My AI agent was blind.
It could read text, write code, call APIs — but the moment I asked it to work with a webpage, it hit a wall. "Go check if this landing page looks broken." "Tell me what the pricing page says now." "Monitor this competitor's homepage for changes." All blocked.
The obvious fix: give it a browser. The actual experience: install Puppeteer, debug the Chrome binary path, hit memory limits in Lambda, watch it break on every third-party CDN that detects headless browsers. An afternoon of yak-shaving every time.
I built SnapAPI to fix this.
What SnapAPI is
A REST API that wraps a headless browser. You send a URL, you get back a screenshot, PDF, or structured page data. No Puppeteer, no containers, no Chrome binary management.

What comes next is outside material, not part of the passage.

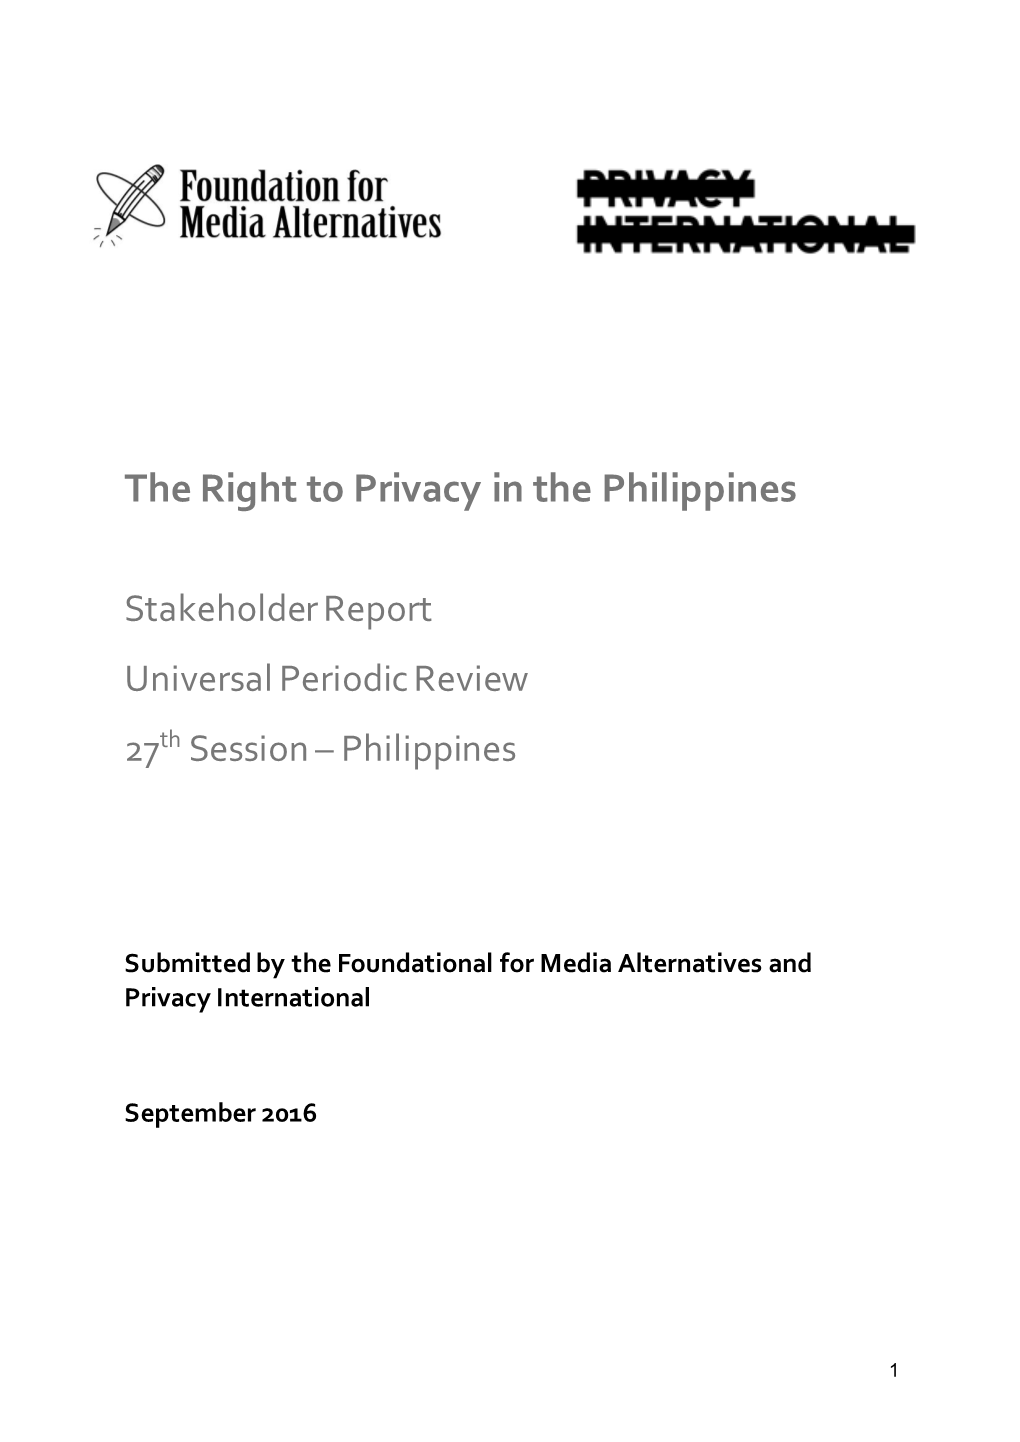 The Right to Privacy in the Philippines

Three lines of Python vs. a weekend of DevOps:
import requests
resp = requests.get(
"https://snapapi.tech/v1/analyze",
params={"url": "https://example.com"},
headers={"X-API-Key": "YOUR_KEY"}
)
data = resp.json()
print(data["title"]) # "Example Domain"
print(data["text_summary"]) # "This domain is for use in illustrative examples..."
The three calls I use constantly
1. Analyze — structured page intelligence
This is the workhorse for AI pipelines. Instead of dumping raw HTML into a context window, I use /v1/analyze to get a clean, token-efficient JSON summary:
curl "https://snapapi.tech/v1/analyze?url=https://news.ycombinator.com" \
-H "X-API-Key: YOUR_KEY"
Response:
{
"url": "https://news.ycombinator.com",
"title": "Hacker News",
"description": "Links to stuff",
"headings": [
{ "level": 1, "text": "Hacker News" }
],
"links": [
{ "text": "new", "href": "https://news.ycombinator.com/newest" },
{ "text": "past", "href": "https://news.ycombinator.com/front" },
{ "text": "comments", "href": "https://news.ycombinator.com/newcomments" }
],
"text_summary": "Ask HN: What are you working on? | 312 comments\nShow HN: ...",
"load_time_ms": 847
}
Feed that text_summary to GPT-4 instead of the raw HTML. You go from 150k tokens of angle brackets to 2k tokens of actual content.
2. Screenshot — visual verification
AI agents that can see screenshots can verify things that text parsing misses: broken layouts, missing images, visual regressions, forms that didn't render.
curl "https://snapapi.tech/v1/screenshot?url=https://snapapi.tech&width=1280&height=800&format=png" \
-H "X-API-Key: YOUR_KEY" \
--output page.png
Parameters worth knowing:
-
full_page=true— captures the entire scrollable page, not just the viewport -
dark_mode=true— renders in dark mode (useful for testing) -
block_ads=true— blocks ad scripts before capture -
wait_for_selector=.main-content— waits for a specific element before shooting -
delay=1000— waits N milliseconds after load (for JS-heavy SPAs)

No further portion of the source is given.